#### Activity:
Word for word, restate the data that follows, omitting the images.

#### Information supplied:
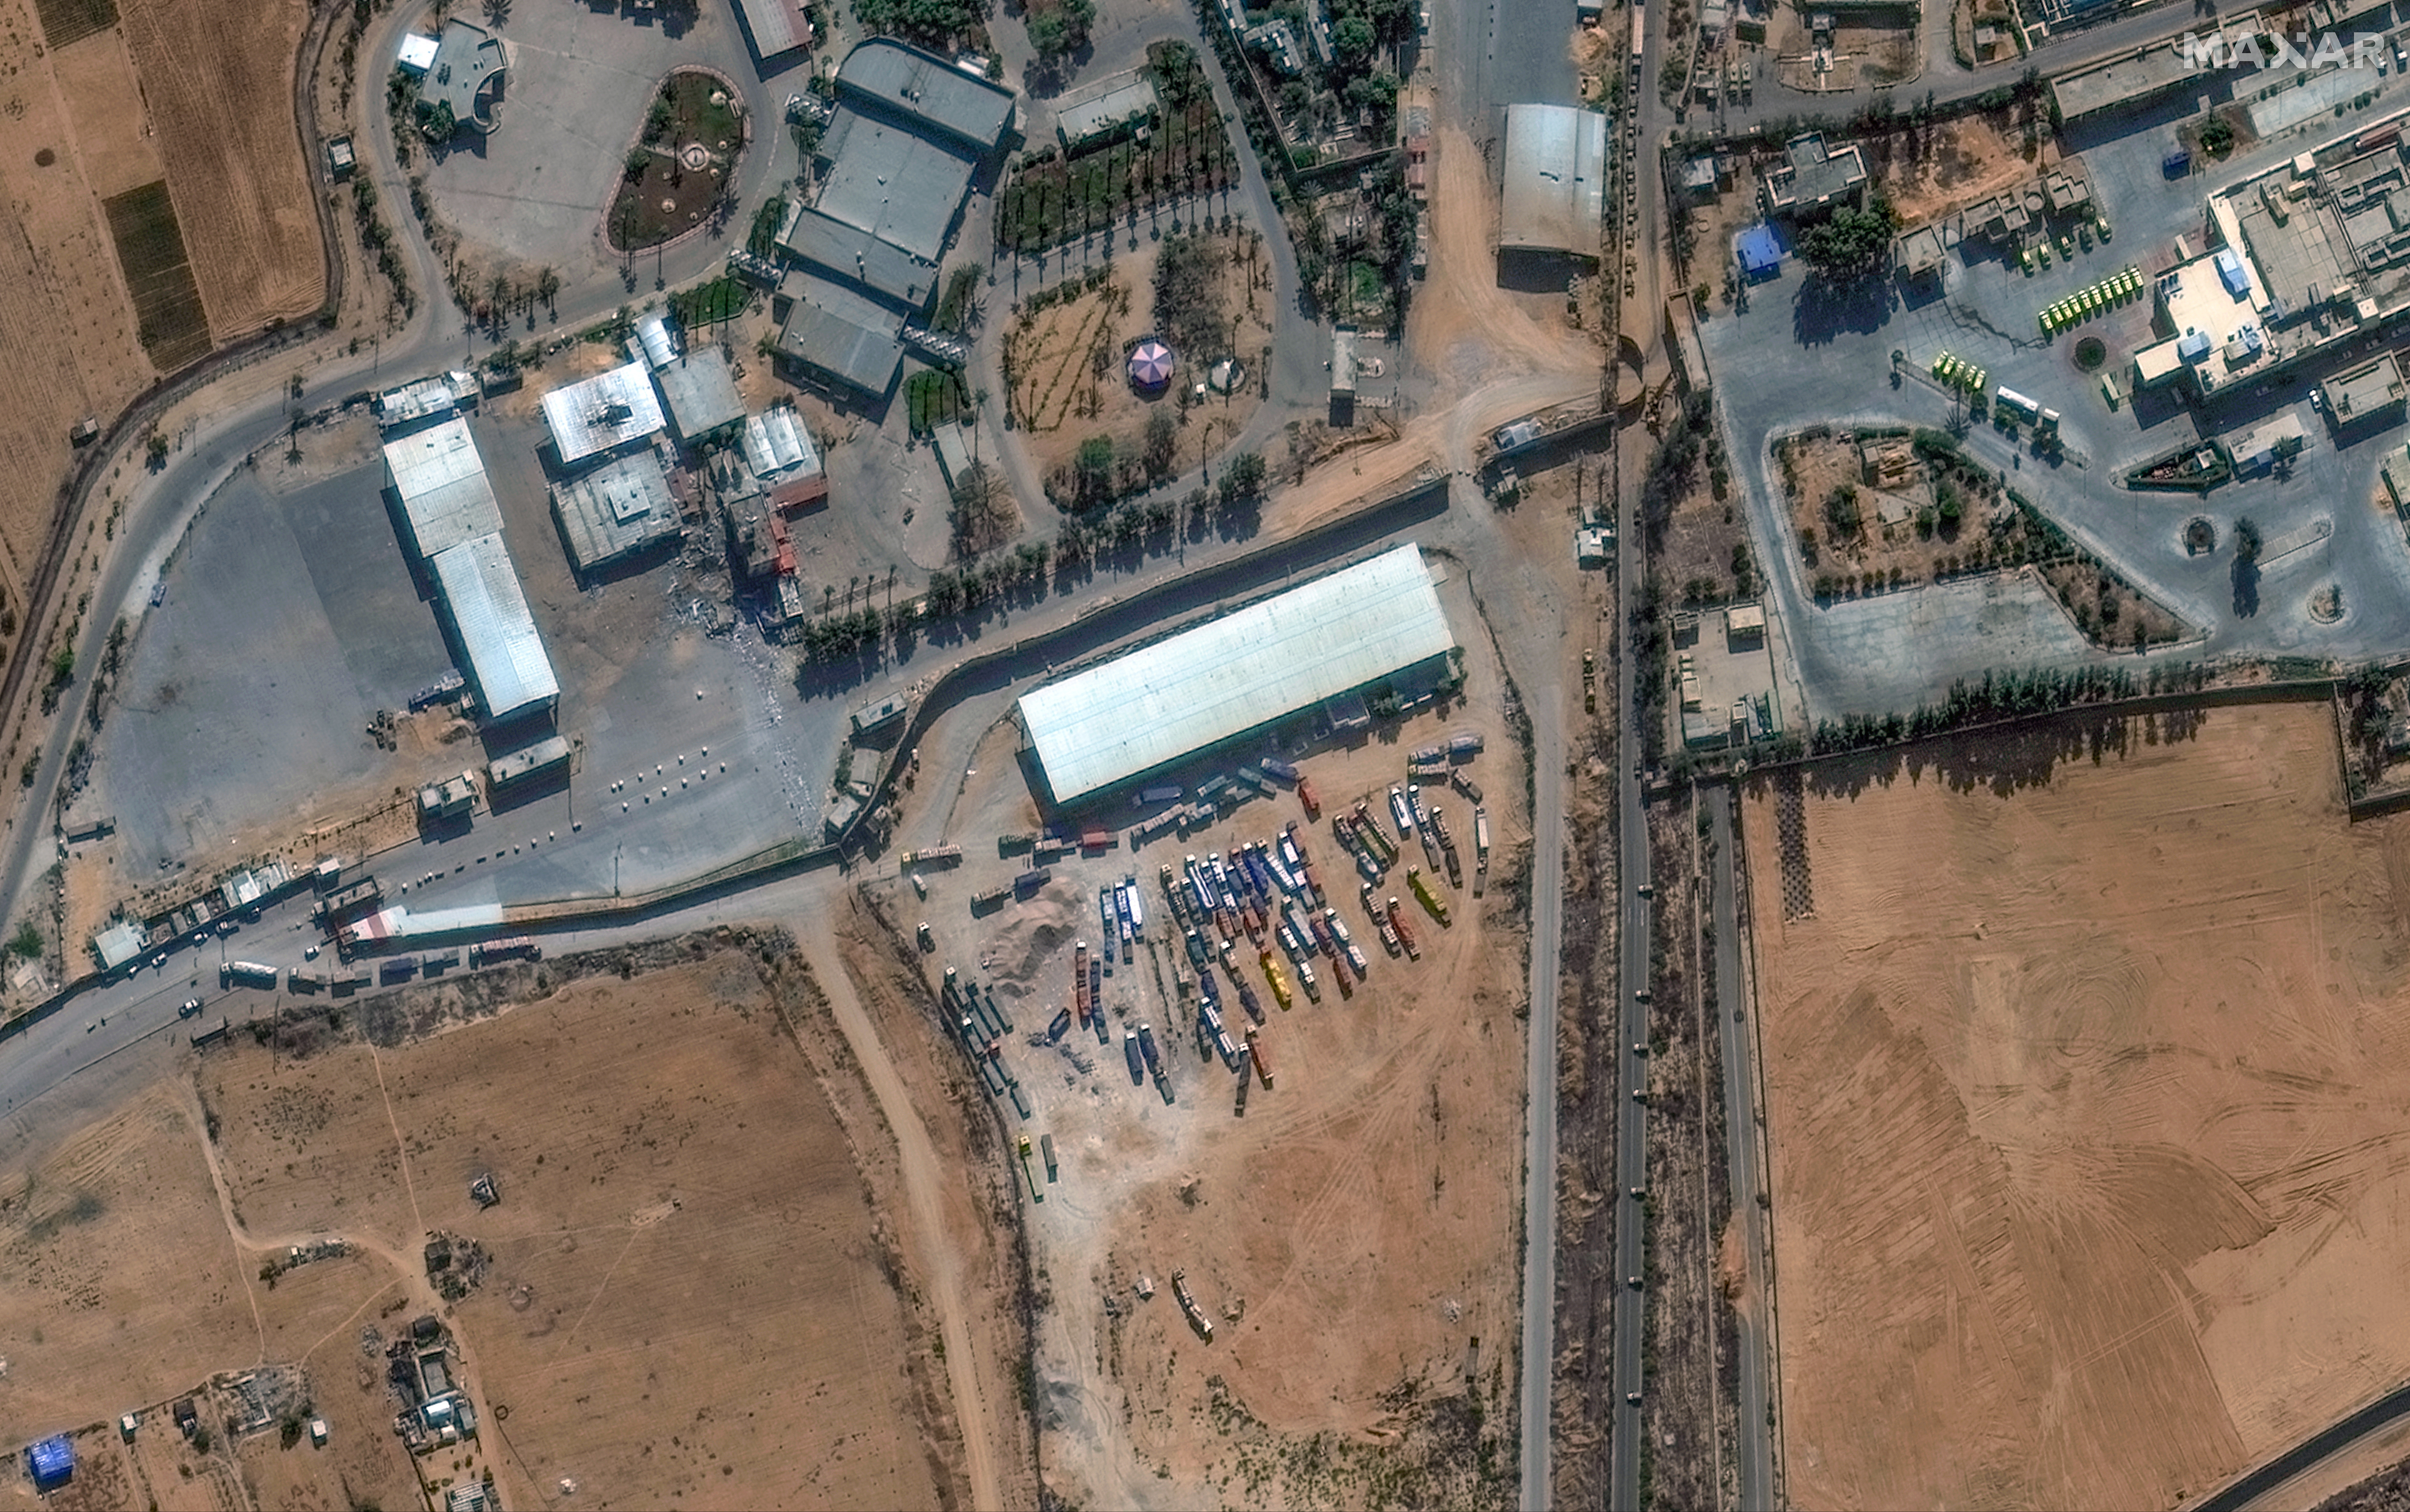 A satellite image shows a closer view of the Rafah border crossing
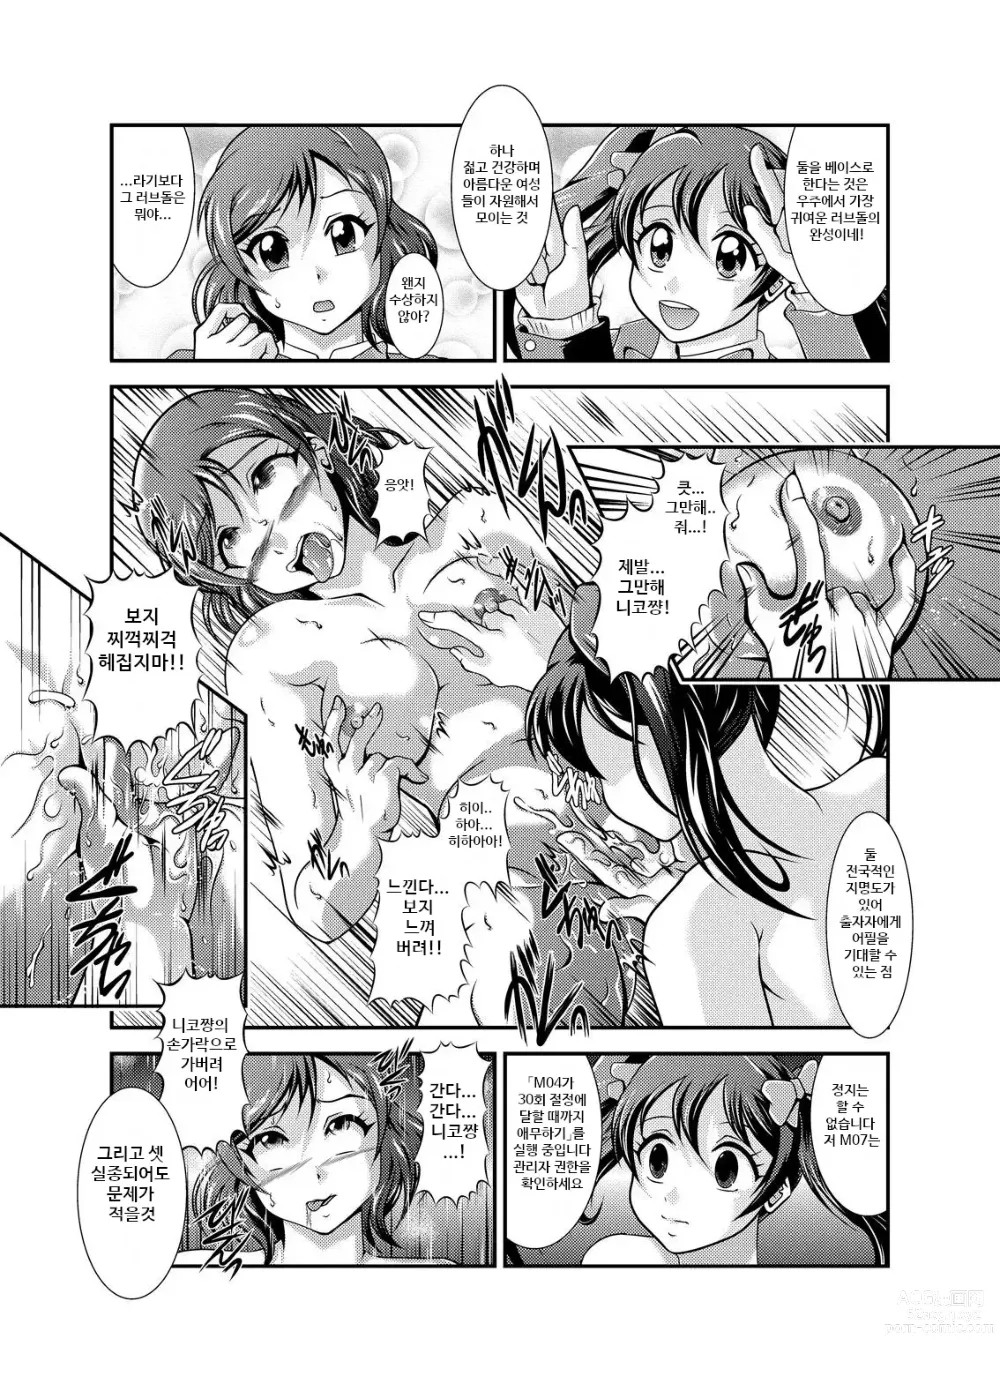 Page 78 of doujinshi ProjectAqours EP01-04
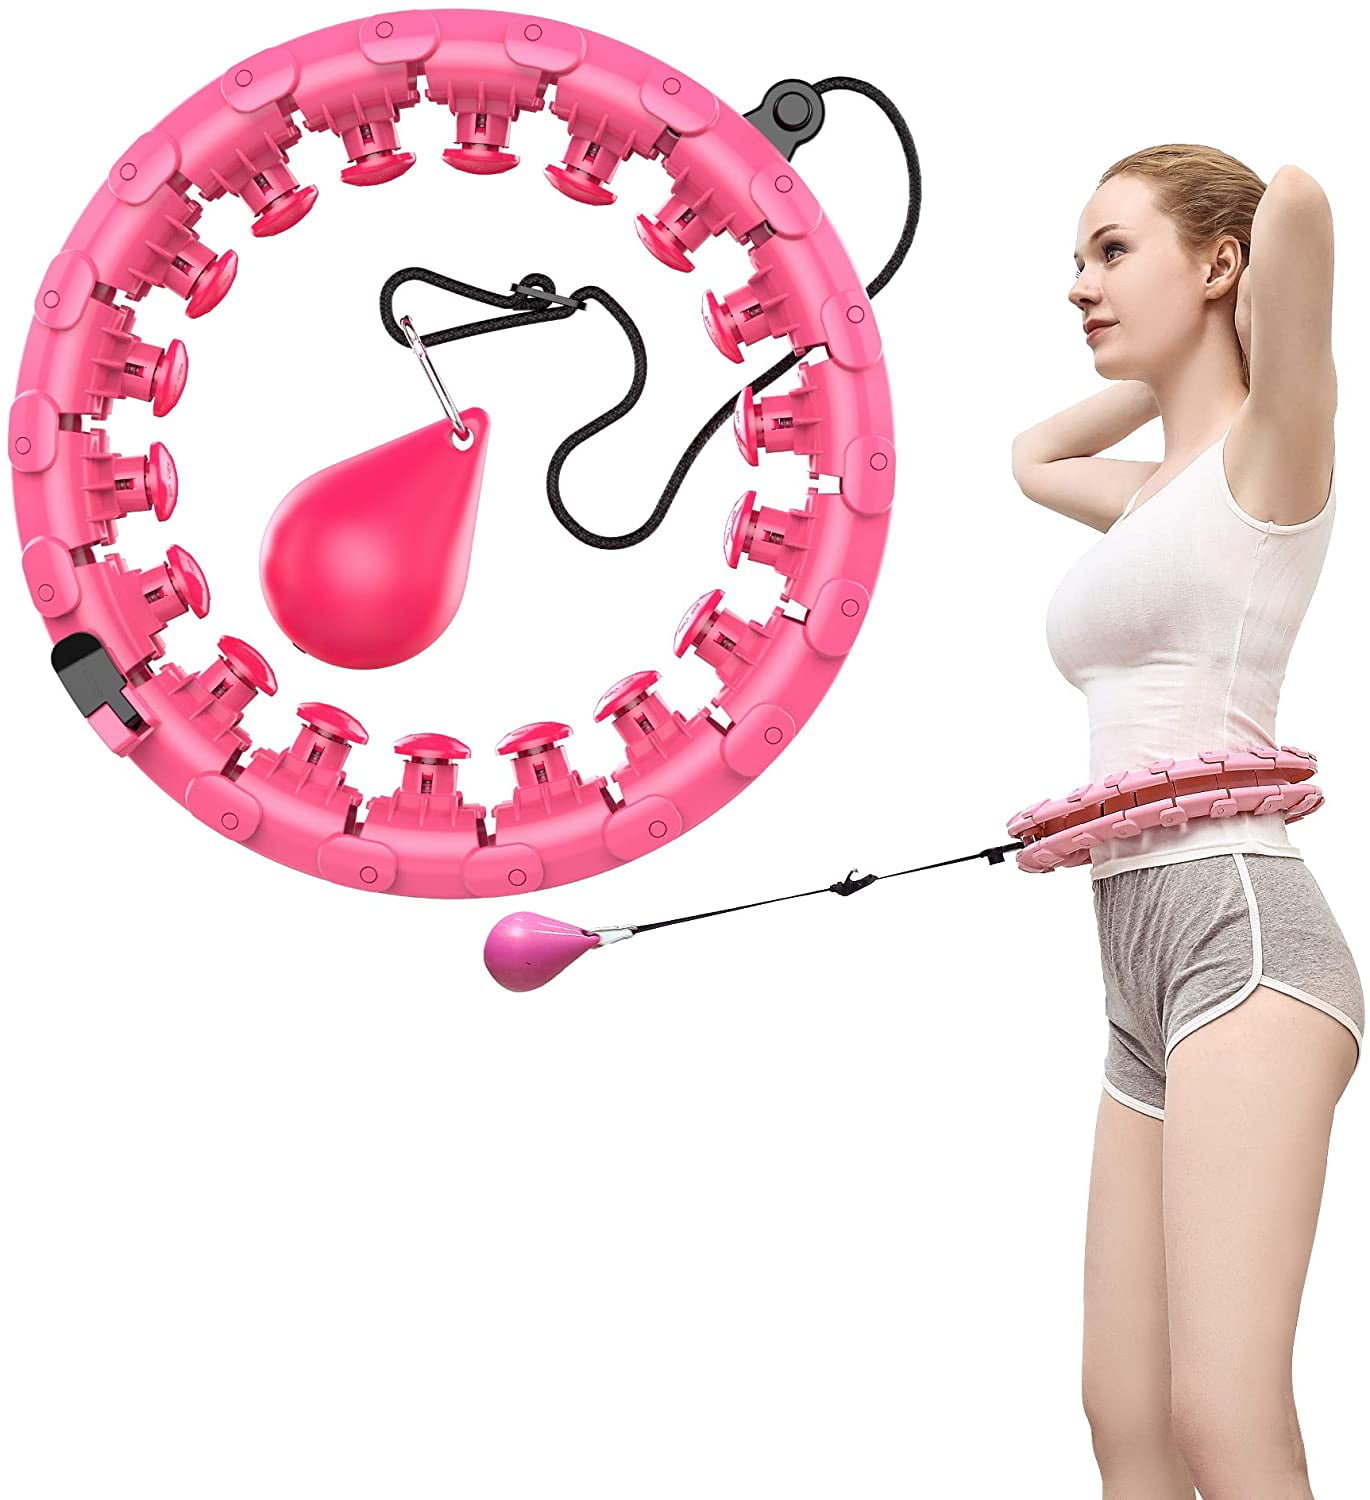 16 Knots Detachable SIGOODS Hoola Hoop for Adults Weighted for Exercise Adjustable Sections Professional Hoola Hoop for Beauty and Massage

#### Response to this task:
 A satellite image shows a closer view of the Rafah border crossing
 Page 78 of doujinshi ProjectAqours EP01-04
 16 Knots Detachable SIGOODS Hoola Hoop for Adults Weighted for Exercise Adjustable Sections Professional Hoola Hoop for Beauty and Massage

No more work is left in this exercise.